All right, let's get into what's going on.
The first thing I wanna mention here
is that this is called GPT 5.4 thinking.
They have a higher performance variant
that is known as GPT 5.4 Pro,
but both of these together are designed
to kind of handle everything from some complex analysis.
They do a lot of coding,
a lot of long running workflows
across a lot of different professional software tools.
And they're kind of dubbing this
as like their professional work tool.
They're trying to get into, you know,
into the hands of more working professionals.
And this is coming right on the backs of them,
signing a whole bunch of deals
with a bunch of different consulting firms
that are gonna allegedly get ChatGPT
into more businesses and in kind of the professional environment.
At the same time, they're having kind of this,
you know, they're locked in a battle
with even Google's in this right now,
but really with Anthropics Cloud Code,
their Codex tool, they're really trying to push forward
in kind of how software is using AI models
and how computer use is going on.
So this is where they're really focusing.
One of the most, one of the biggest changes
basically about this is the scale.
So in the API GPT 5.4 has a context
when to have up to a million tokens
which basically lets them work with huge documents,
really big conversations, big data sets.
And really, I mean, if you think about this,
a huge benefit is going to be coding
where you can look at bigger code bases
to actually work with.
So this was something that Anthropics was really crushing at
and then opening eyes trying to get into this.
Opening it also says that the model is specifically more,
what they're saying is token efficient,
which this is actually one thing that I'm excited about.
Basically can solve the same problems
using a lot less tokens and GPT 5.2.
So your costs are going to come down.
It's actually kind of cool.
If you already had 5.2 running in a software,
which even if you don't, a lot of the software you use
will, the costs come down a lot for that.

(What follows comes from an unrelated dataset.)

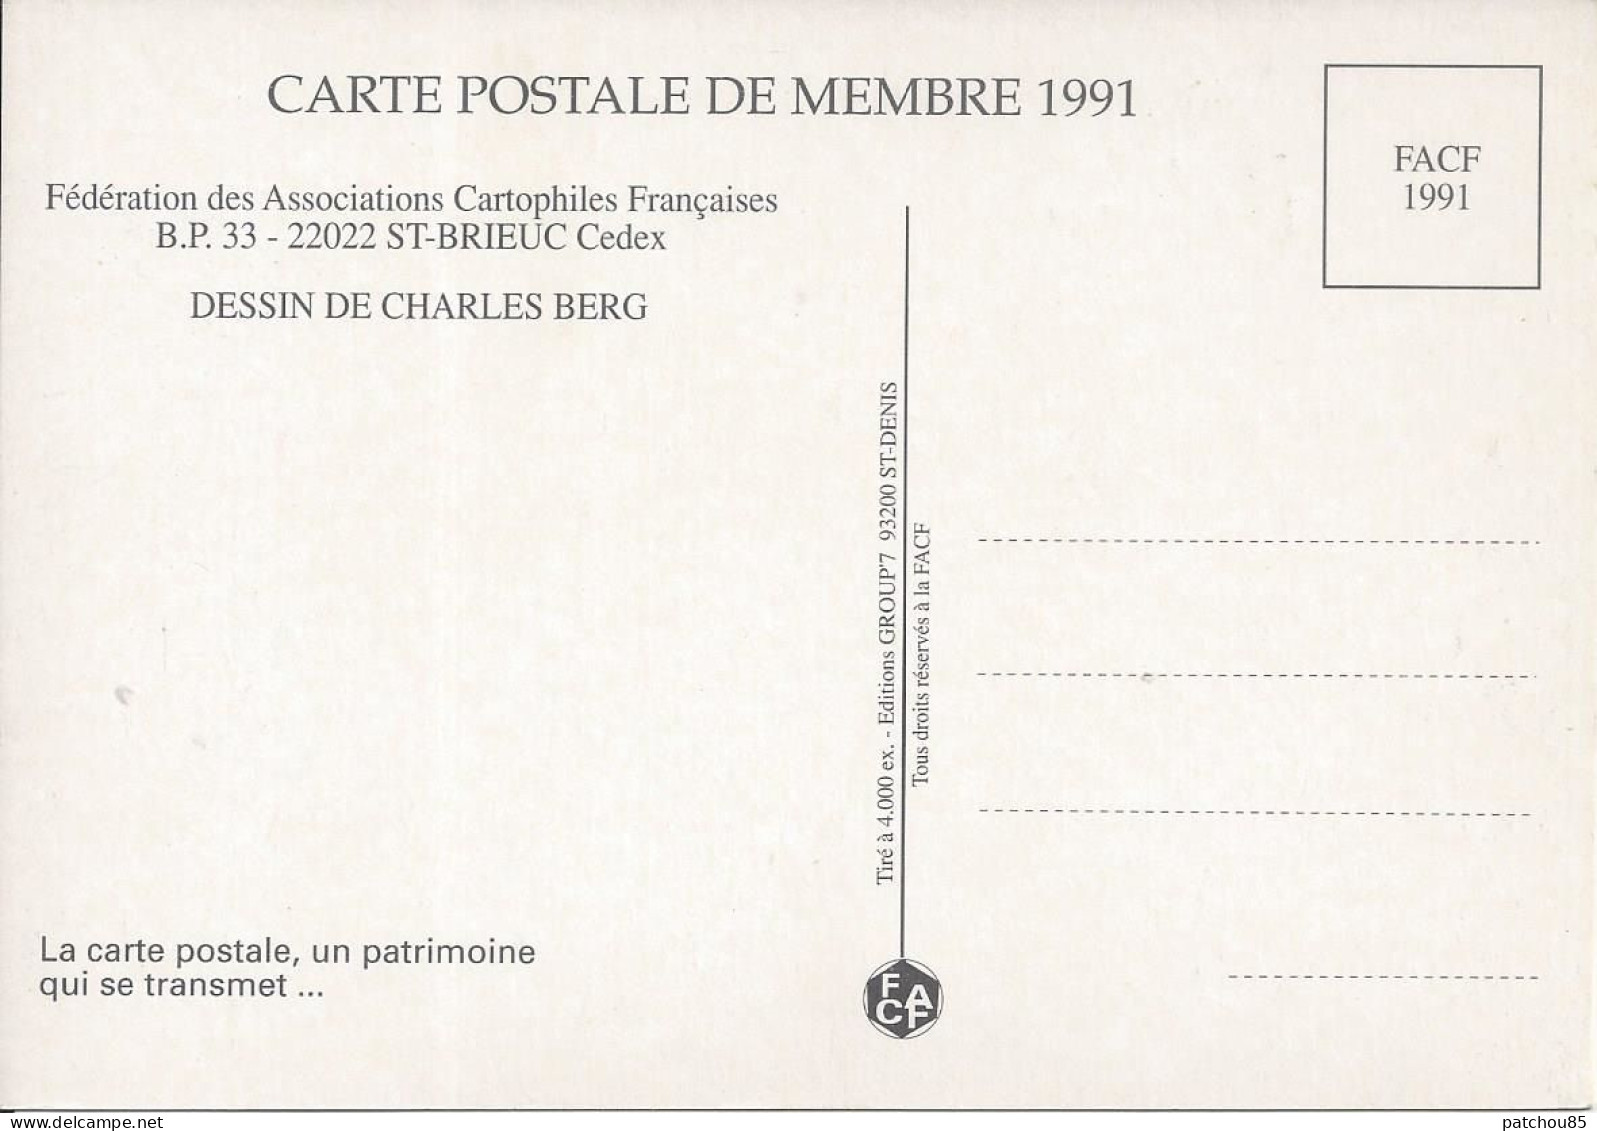 Carte Postale De Membre 1994 Saint Brieuc  Dessin De Charles Berg La Carte Postales, Un Patrimoine Qui Se Transmet - Borse E Saloni Del Collezionismo

And it also gets a lot faster.
So the costs come down and the speed goes up.
And so yeah, for me, this is something
I'm actually excited about.
So as far as how the benchmarks look,
I know I'm not trying to like sit here
and nitpick the benchmark percentages,
but I did want to talk about some interesting use cases
and reasons why these are, why they're good.
Specifically, it's kind of leading on a bunch
of the better known benchmarks.
One of those is for coding.
Of course, we know why that's important right now,
but also computer use.
And this is something that I'm excited about right now.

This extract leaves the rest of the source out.